Percebe-se que a elaboração marxiana abriu um leque de possibilidades de análise também para o Direito, especialmente do que concerne às relações Estado, Constituição e sociedade. Dentro disso, Bello, Bercovici e Mont’alverne (2019) vislumbraram como a norma constitucional pode se tornar uma grande ilusão, pois ela restou centrada em si mesma, levando a acreditar que a superação do capitalismo poderia se dar através da norma, esvaziando-se, assim, a atuação política.
Com base nisso, é preciso ressaltar que a afirmação de direitos sociais na Constituição de 1988 se estabeleceu como consequência da luta social e política derivada da íntima relação existente entre direito e capitalismo. Não se poderia, portanto, abordar o fenômeno da afirmação de direitos sociais pela ótica de elevação de ideais ou dignidade humana, pois o Direito é forma social que deriva das relações sociais específicas (MASCARO, 2015).

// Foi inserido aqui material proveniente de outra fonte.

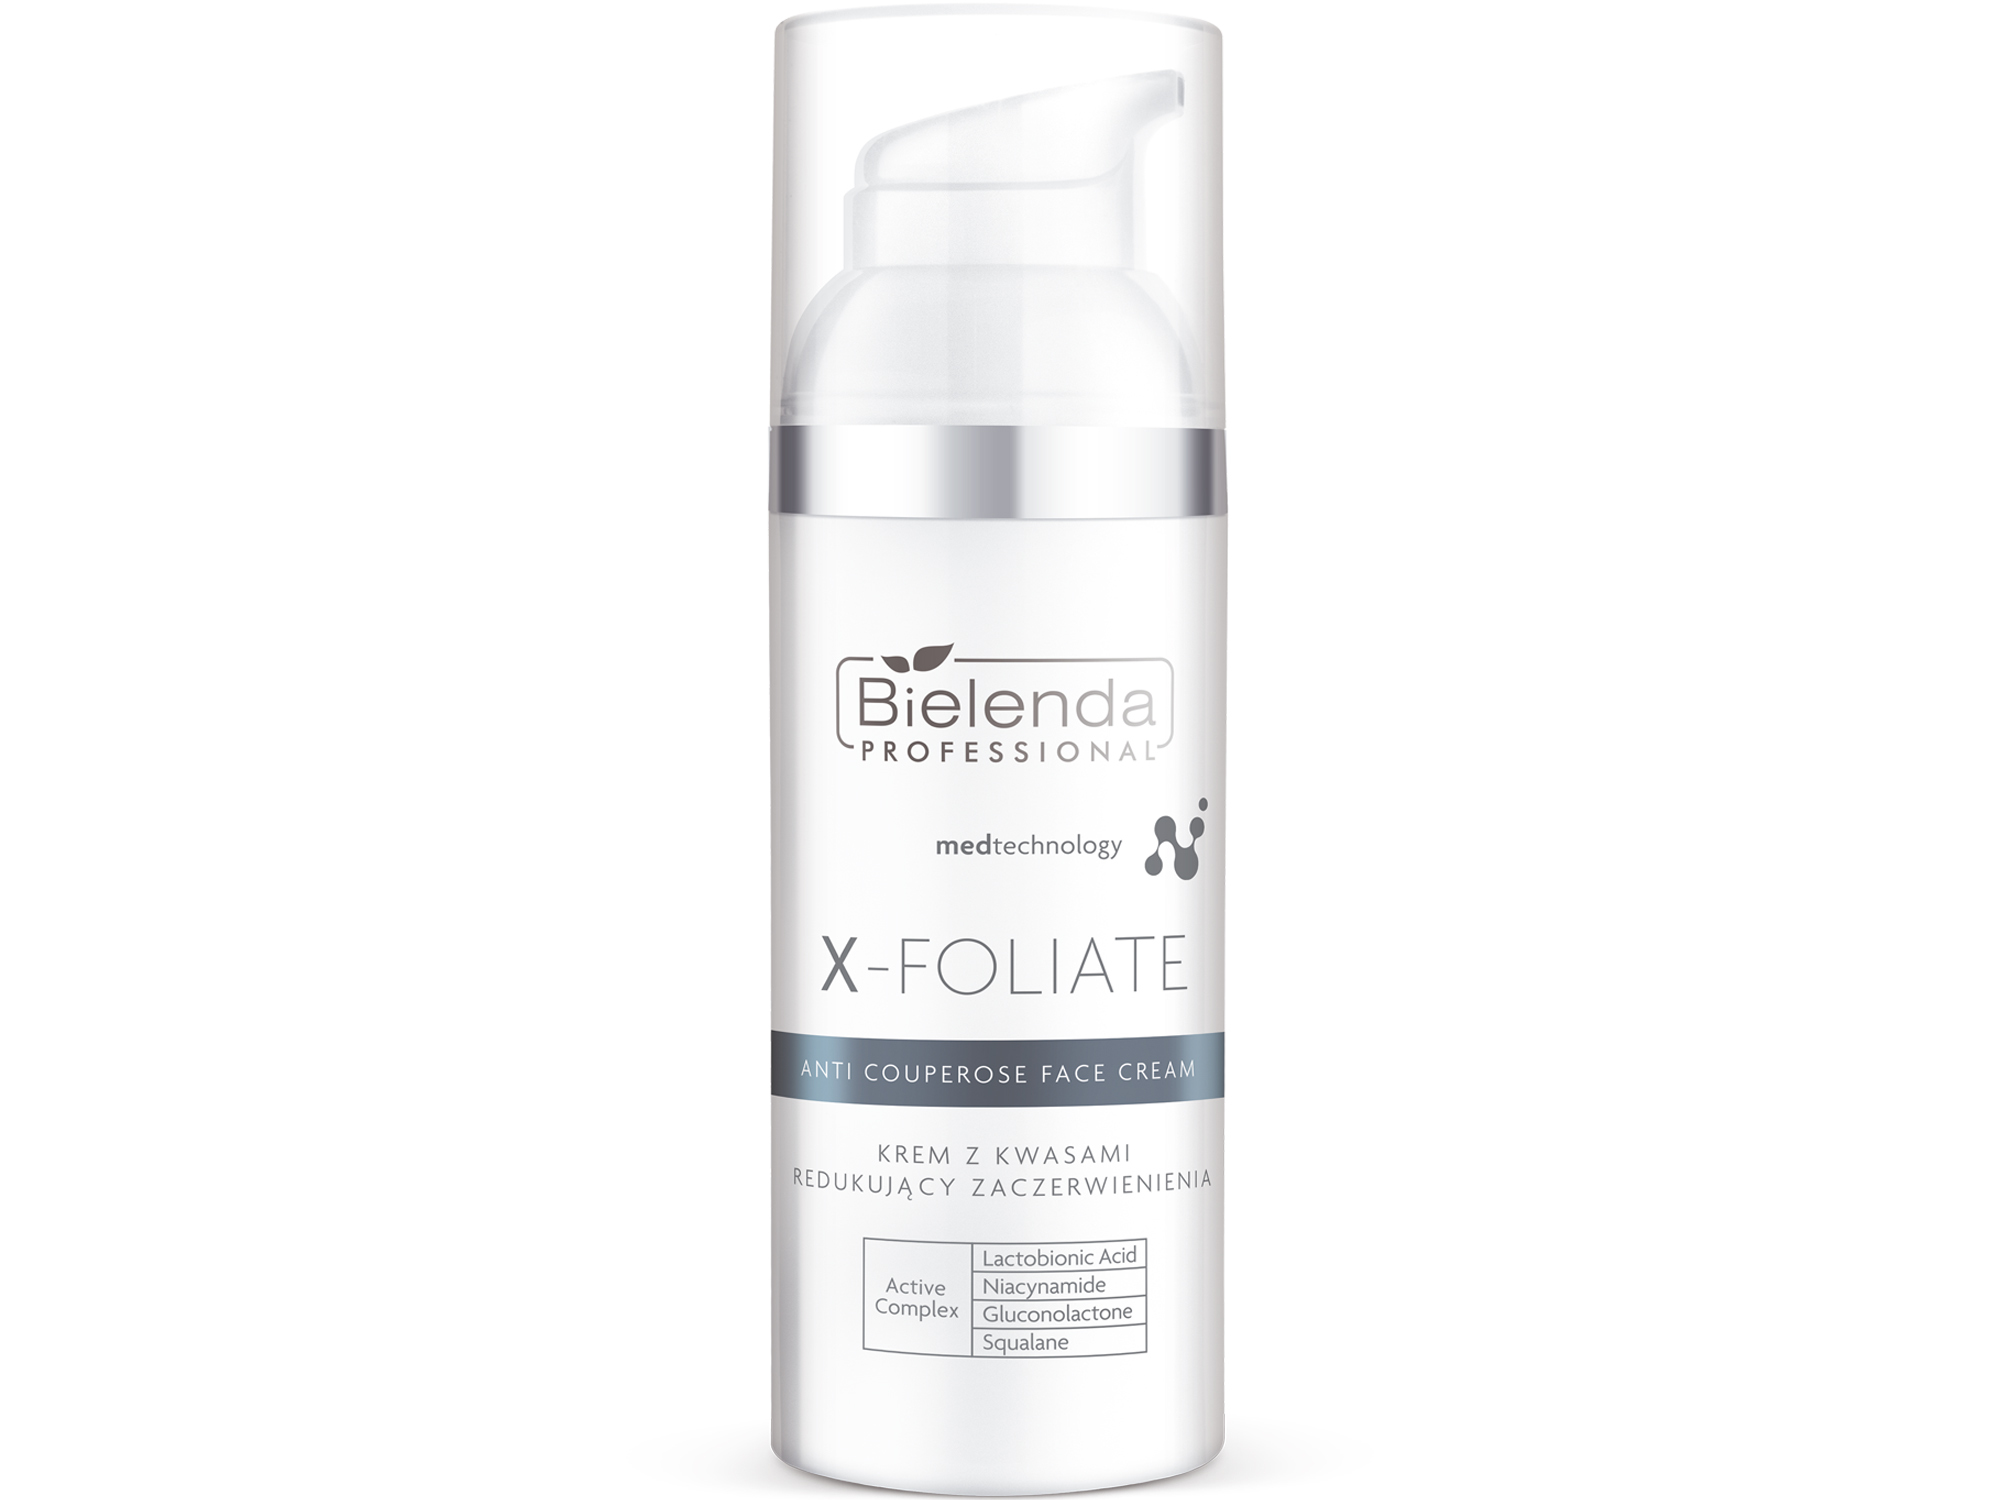 X-FOLIATE Anti Couperose Крем для лица  с кислотами склонной к куперозу

Mesmo no debate jurídico, faz-se necessária a análise das contradições da vida material (MARX, 2008). Há de se lembrar que os direitos previstos na Constituição, essa emancipação do Estado, não é uma emancipação consumada. A emancipação humana, como já mencionado, só se consuma quando o homem individual retoma em si o cidadão abstrato, reunindo na sua vida empírica, no seu trabalho, nas suas relações, tornando-se ser genérico, reconhecendo sua força própria como força social, não apartada da política (MARX, 2009).

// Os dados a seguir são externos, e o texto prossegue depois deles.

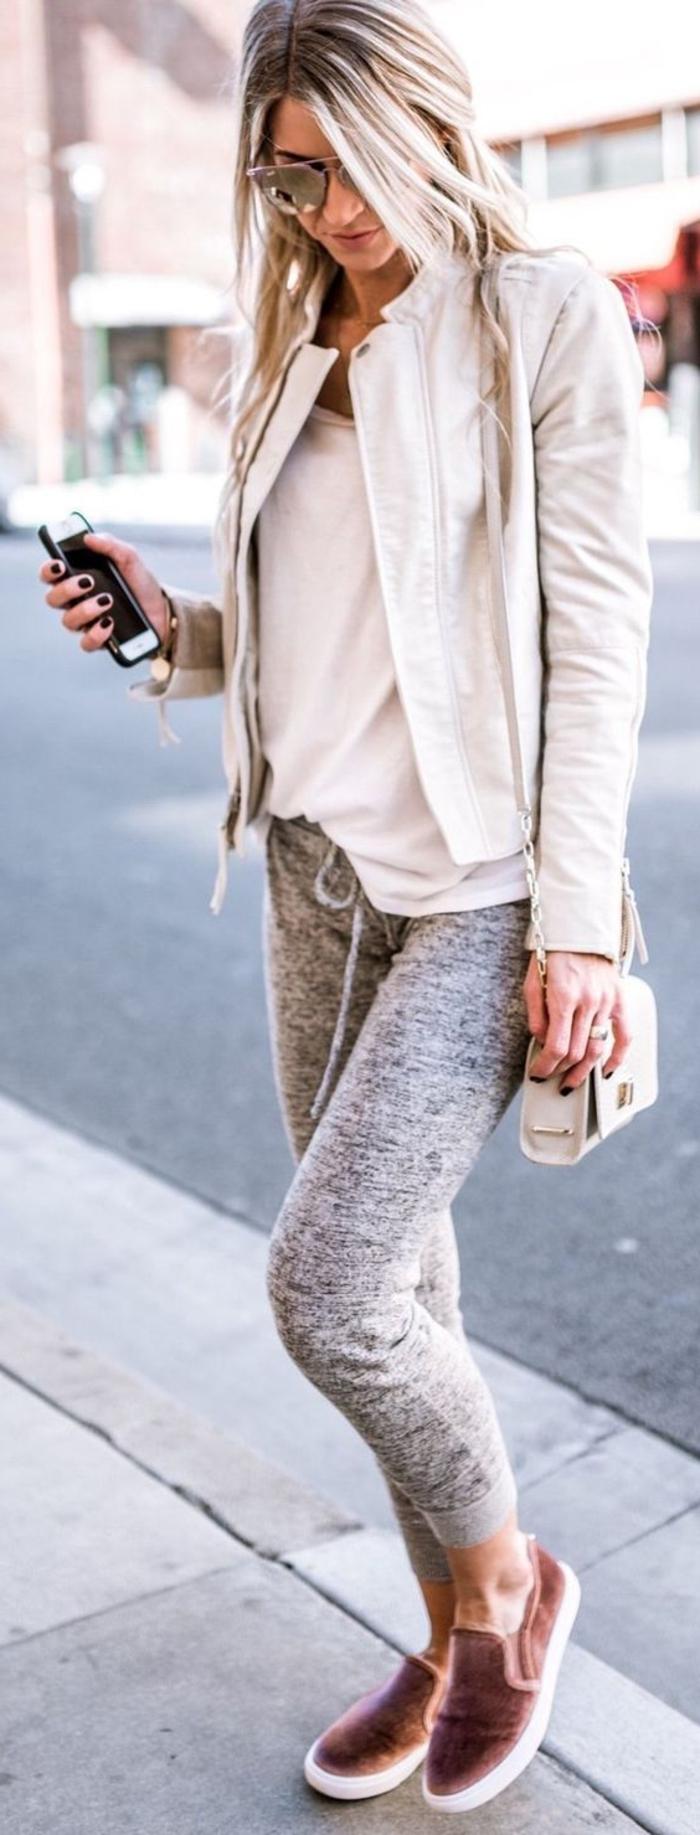 Jogginghose kombinieren elegante tasche kurze jacke und turnschuhe

Nesse espírito, Bello & Keller (2014) alertam para a importância da compreensão da cidadania em meio ao sistema capitalista, apontando para o uso progressista e transformador do direito sem desvalorização da política. Atenta para o uso empírico da emancipação, reconhecendo a possibilidade de emancipações parciais que limitem o poder do capital e freiem sua ingerência no cotidiano. Nesse sentido, as reformas jurídicas devem ser consideradas emancipatórias, se contiverem um caráter verdadeiramente revolucionário. Considera-se uma reforma enquanto emancipação parcial válida quando orientada no sentido da luta contra o capital e não centrada em si mesma.

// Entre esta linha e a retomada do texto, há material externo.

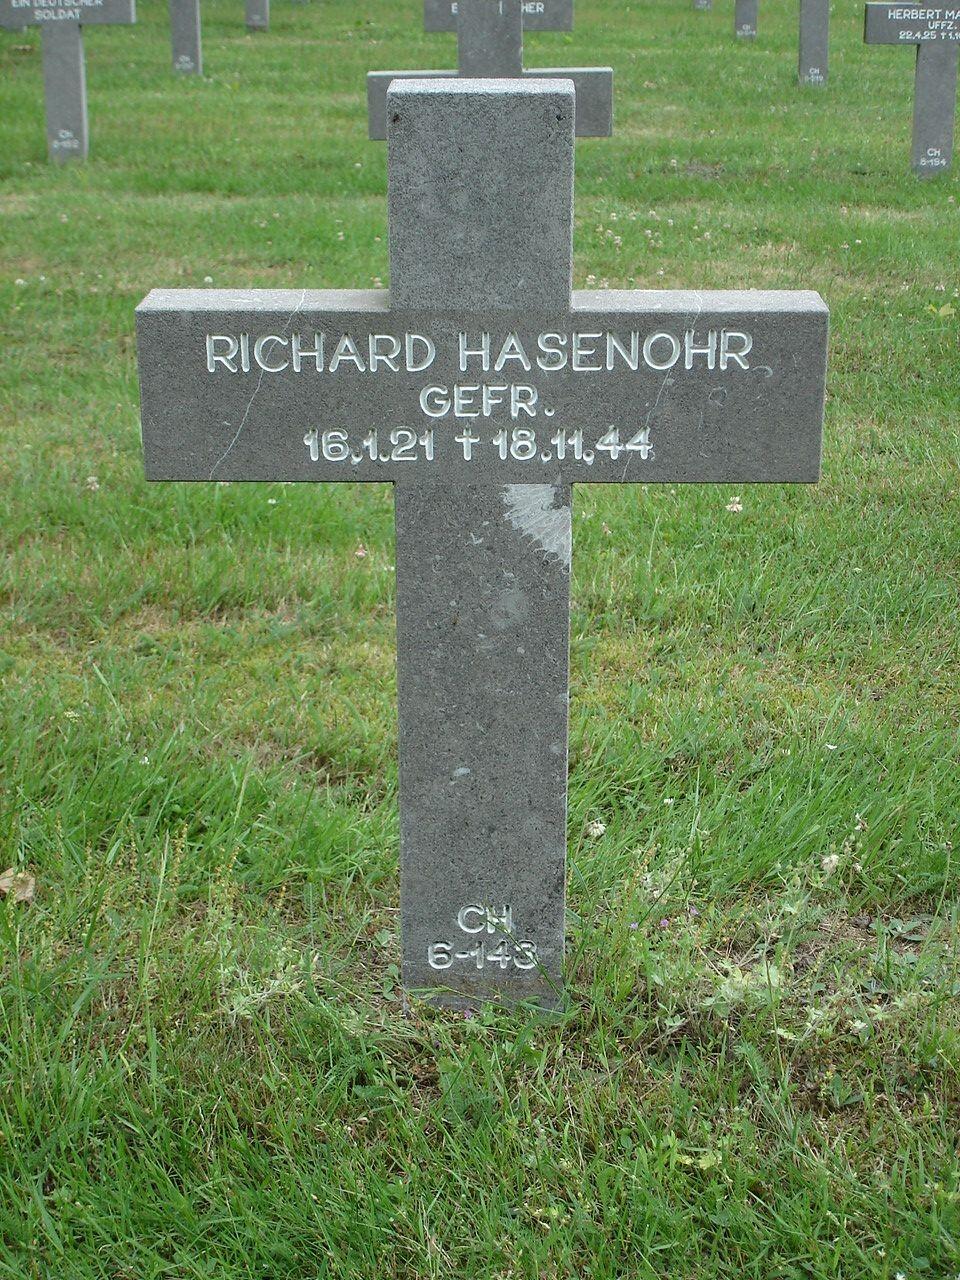 Richard Hasenohr

A herança de Marx, assim, exige reflexão crítica e ação revolucionária, sua obra é a teoria da sociedade burguesa e de sua ultrapassagem pela revolução proletária, sendo necessária, mas não suficiente para compreender o mundo contemporâneo (NETTO, 2009). Como disse Marx (2008, p. 50): “(...)quis mostrar unicamente que minhas opiniões, de qualquer maneira que sejam julgadas e por pouco que concordem com os preconceitos ligados aos interesses da classe dominante, são fruto de longos e conscienciosos estudos”.
Embora não se possa transportar as conclusões marxianas em Para a questão judaica para a realidade brasileira do presente sem as devidas mediações, a crítica aos direitos humanos e a necessidade de um potencial verdadeiramente emancipador humano se mostram fundamentais, até mesmo nos dias de hoje.
Por tudo que foi visto, a leitura da obra é essencial aos estudiosos e pesquisadores do direito para que não se percam no estudo abstrato das normas, no dever-ser. Ao contrário, para que se pautem pelo substrato material da realidade humana. Assim, uma perspectiva aprofundada dos direitos humanos não deve ficar entre a ideologia e a política, mas vislumbrar a verdadeira emancipação humana.